Since the first description of symptoms associated with ADHD in 1775 by Melchior Adam Weikard, a number of discoveries and developments have led to the current understanding and treatment of the disorder, with investigations in the 1960s establishing the three core symptoms of modern ADHD as inattention, impulsivity and hyperactivity. Adult ADHD was not recognised until 1987 in the Diagnostic and Statistical Manual of Mental Disorders – 3rd edition revised (DSM-III-R) guidelines, with the disorder formerly termed ‘ADHD’. Today, individuals with ADHD are identified according to the diagnostic criteria indicated by the DSM-5TM, which has recently been updated to more easily diagnose adults with ADHD.

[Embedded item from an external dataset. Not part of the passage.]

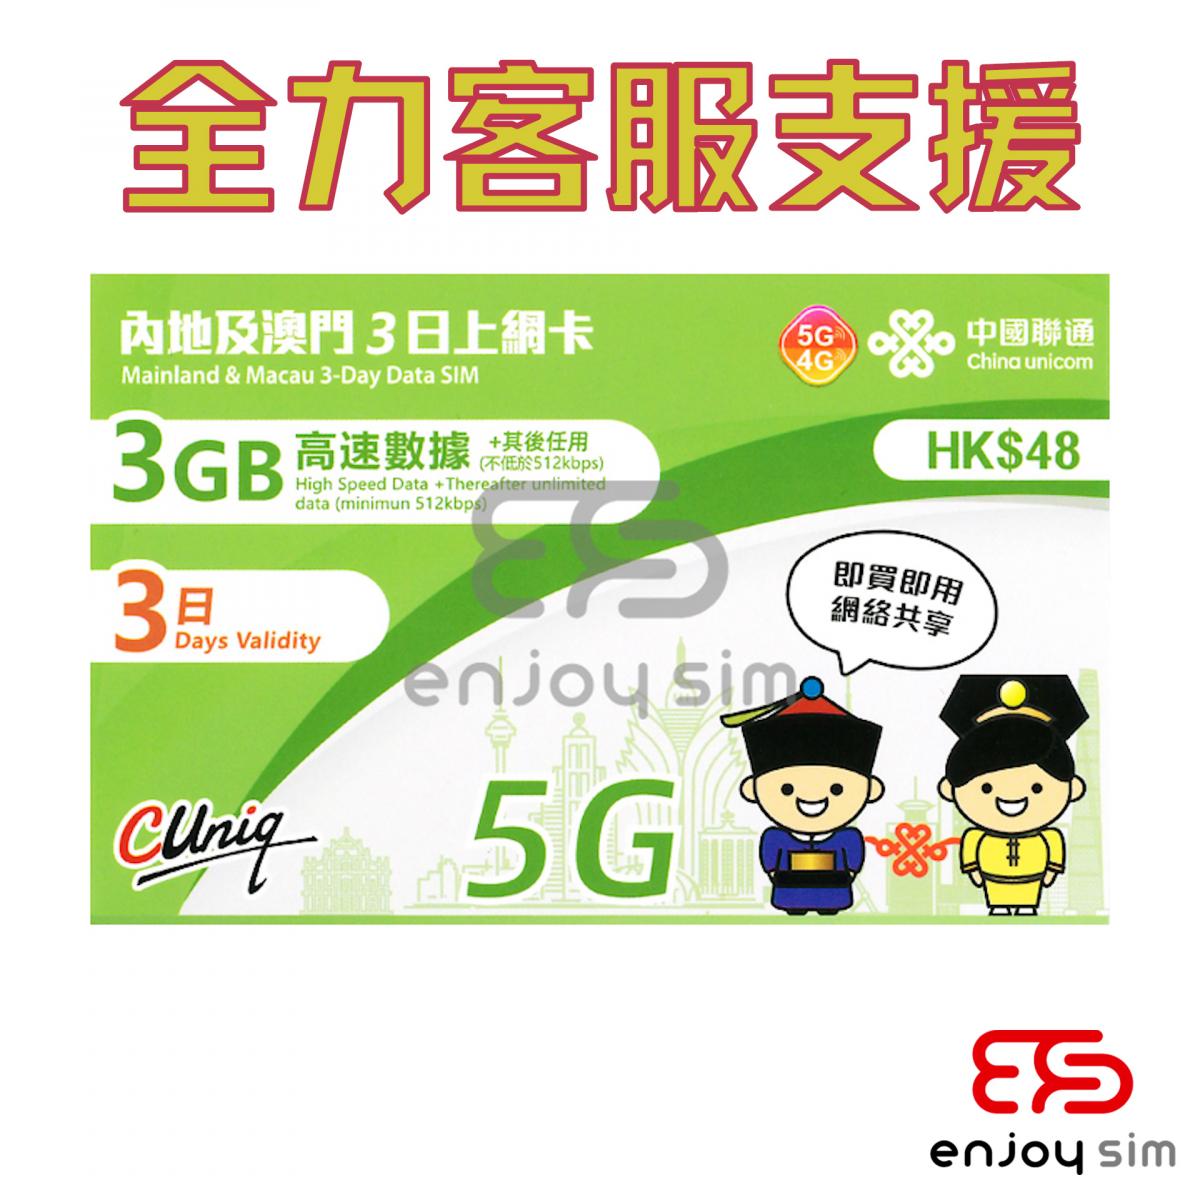 3日【內地、澳門】(3GB) 5G/4G 無限上網卡數據卡SIM咭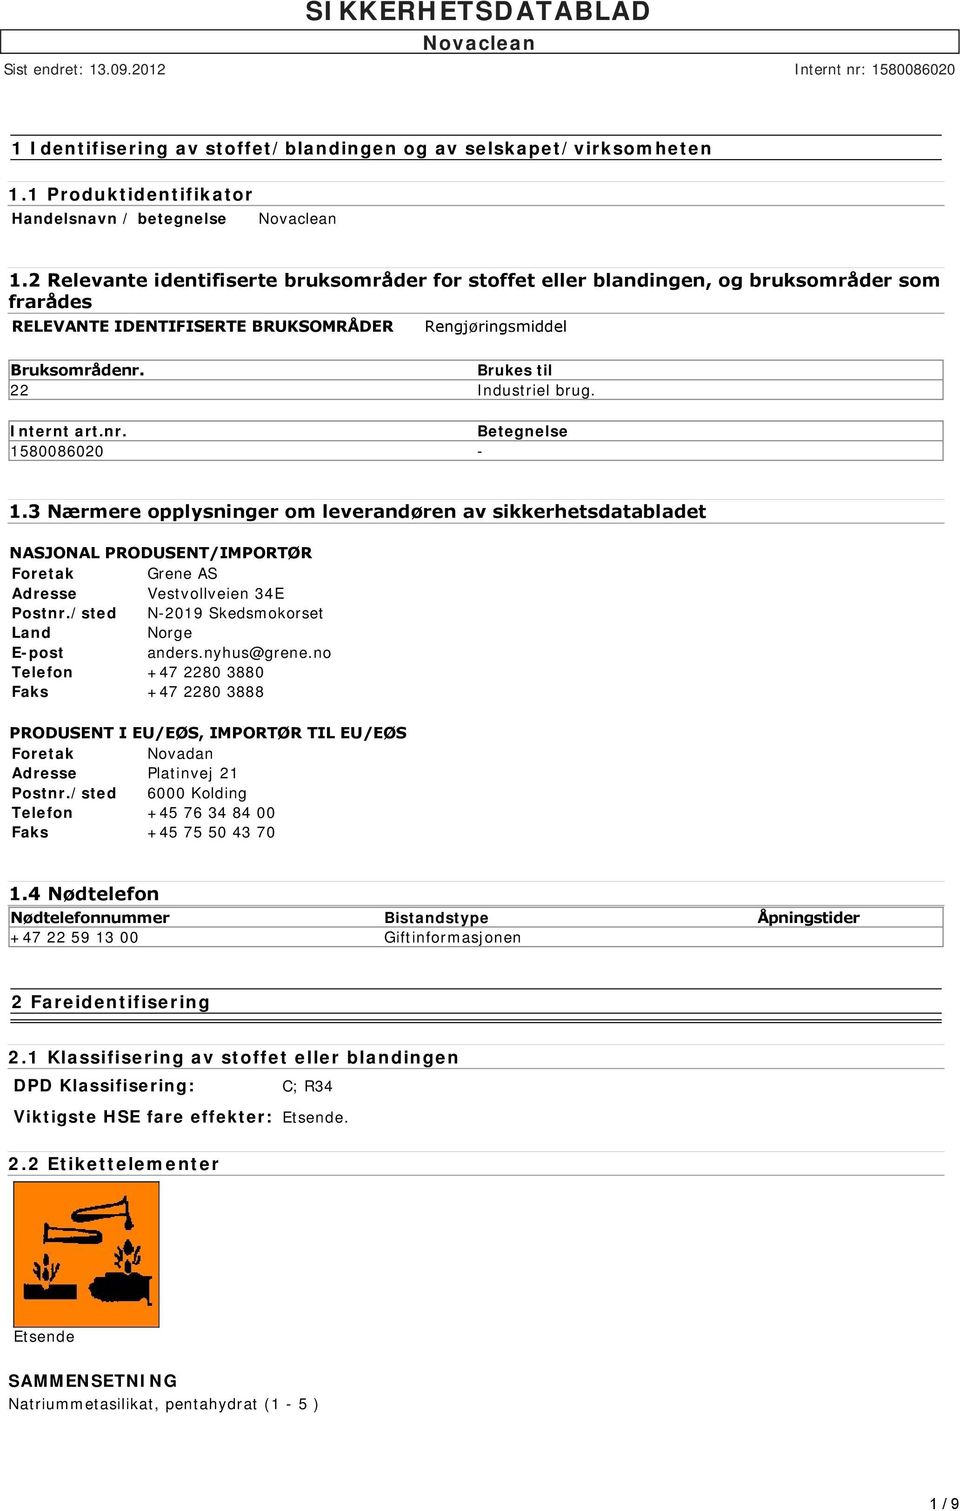 Internt art.nr. Betegnelse 1580086020-1.3 Nærmere opplysninger om leverandøren av sikkerhetsdatabladet NASJONAL PRODUSENT/IMPORTØR Foretak Grene AS Adresse Vestvollveien 34E Postnr.

It has long been considered that serotonin, dopamine and noradrenaline underlie the majority of symptoms associated with ADHD. The prefrontal cortex (PFC) is responsible for executive functioning (e.g. planning, organisation, reasoning and impulsivity), and reduced levels, inefficient transport and reduced number of serotonin, dopamine and noradrenaline receptors in the PFC are thought to contribute to ADHD symptoms. In addition, a list of genes related to ADHD has also been compiled, and although genetic disposition is only one component of ADHD, meta-analysis of 1800 genetic studies determined that the heritability of ADHD is between 75–91%, and that multiple genes, rather than one single gene, are likely to contribute to presentation of ADHD. Therefore, a range of factors (e.g. external, environmental and genetic) must be considered when confirming a positive diagnosis of ADHD, particularly if pharmacotherapy is a potential treatment option.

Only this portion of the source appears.